Gilmore’s nascent musical sensibility may have been shaped by what he heard on the radio and from national touring acts — that is, by the commercial country and rock ‘n’ roll music of the day. But by the early ’60s, the countercultural rumblings of the East Coast folk revival began to hold sway over his picking and singing as well. The folk boom’s influence persists in his music today: Witness the versions of “Darcy Farrow” and “Mack The Knife” on his new album, songs Gilmore learned some 30 years ago, respectively, from recordings by Ian & Sylvia and Dave Van Ronk.
“I had a friend, Pat Patrick, who had lived in New York City and gone to NYU and was friends with Dave Van Ronk; he also knew Bob Dylan before he got his recording contract,” says Gilmore. “Pat had perhaps the biggest influence on me of all because he turned me onto that world of folk music, which never did happen in Lubbock, as far as the general public was concerned.
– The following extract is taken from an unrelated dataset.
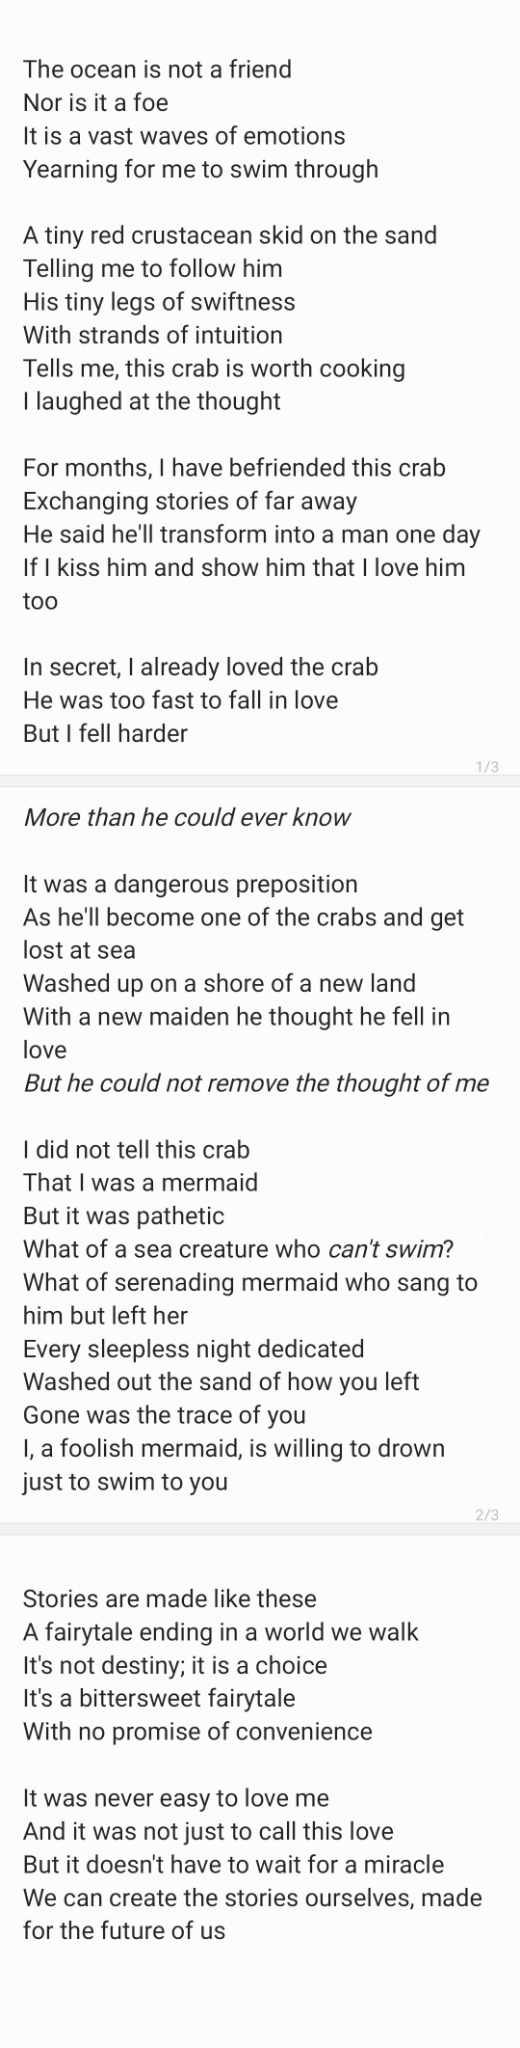 The Crab And The Maiden

There was no station that played Bob Dylan or Dave Van Ronk, or even Ian & Sylvia.”
Gilmore certainly considered himself a folkie when he and Joe Ely began hanging around together in the late ’60s. “Joe and I were folk singers,” he explains. “We went to each other’s gigs. We’d known each other for awhile but we didn’t start spending any time together until one day, when he called me and said, ‘I picked up this guy hitchhiking and he gave me this record. You gotta come hear it.'” The singer with his thumb in the air, headed for Houston, was Townes Van Zandt, who by this time (1970) already had a couple albums out.